Para a política de pequenas empresas, meus colegas do American Enterprise Institute, Glenn Hubbard e Michael Strain, fizeram o trabalho mais atencioso que já vi. Eles observam que os problemas das pequenas empresas são que elas não têm atividade comercial suficiente para atender à folha de pagamento e outras contas. Isso significa que “(o) objetivo deve ser substituir uma grande parte da receita (não apenas as despesas da folha de pagamento) que essas empresas gerariam na ausência de desligamento devido ao coronavírus”.

Eles sugerem políticas para substituir 80% da perda de receita das pequenas empresas. Quão? Fornecendo doações sob a forma de empréstimos comerciais apoiados pelo governo que são perdoados se o negócio continuar e mantiver a folha de pagamento, sujeito a permissão dos trabalhadores para sair se encontrarem melhores oportunidades.

O que mais pode funcionar? Incentivos fiscais que reduzem os custos comerciais. Podem ser quebras nos impostos sobre os salários, taxas marginais de imposto de renda, compra de equipamentos, licenças etc., incluindo isenção de impostos. A reversão das perdas comerciais atuais provocaria restituições fiscais que melhorariam as finanças das empresas.

Uma das idéias menos úteis para as pequenas empresas é o empréstimo sem juros. Isso pode ser ótimo para grandes empresas que estão gerenciando amplamente suas posições financeiras. Mas esses empréstimos não conseguem resolver o problema básico das pequenas empresas de manter as portas abertas quando os clientes não estão comprando.
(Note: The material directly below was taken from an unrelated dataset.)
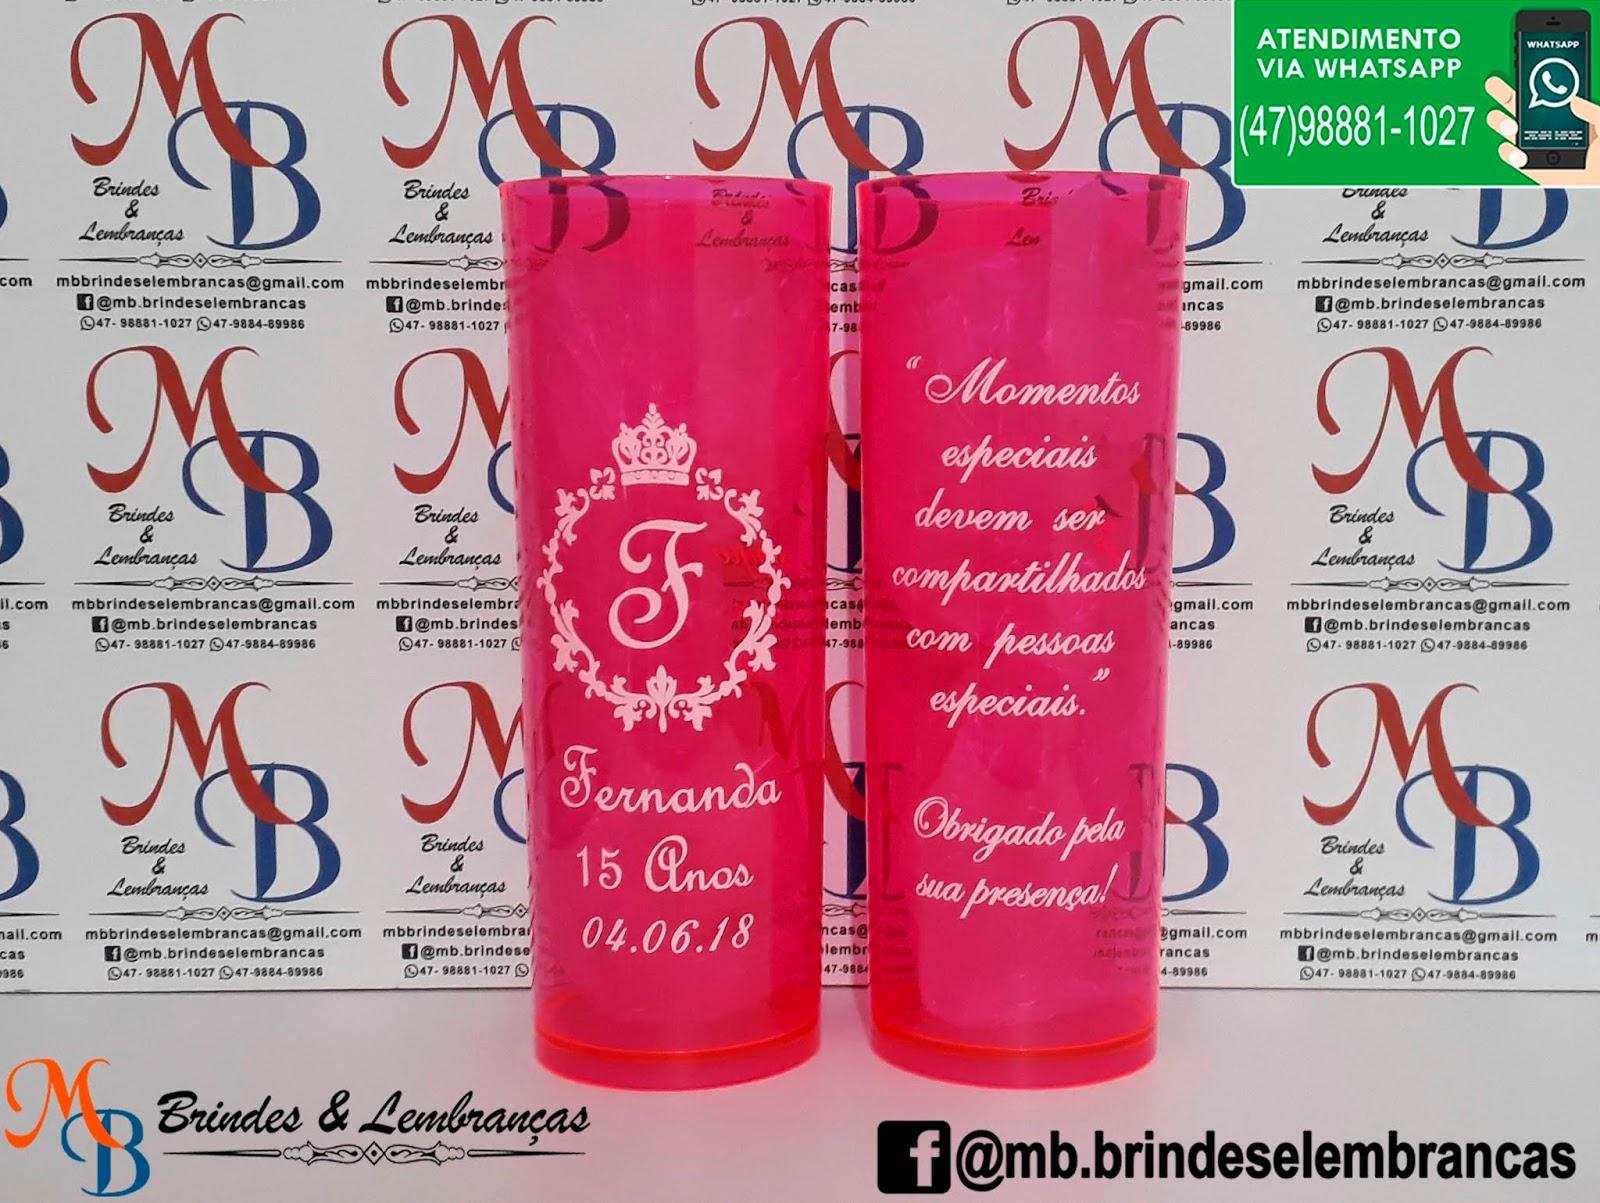 Copos Personalizados Aniversario 15 Anos Mb Brindes E Lembranças

Por fim, por que o estímulo tradicional não funciona, mesmo em outros momentos de crise econômica? O estímulo tradicional baseado em gastos assume que o problema econômico é que as pessoas querem construir coisas, mas não comprá-las. Essa não é uma suposição muito boa. Especialmente hoje, onde os problemas são o custo mais alto da compra, ou talvez a impossibilidade de comprar com distanciamento social, e os custos mais altos dos negócios. Manter as empresas nos negócios é a chave para apoiar a economia.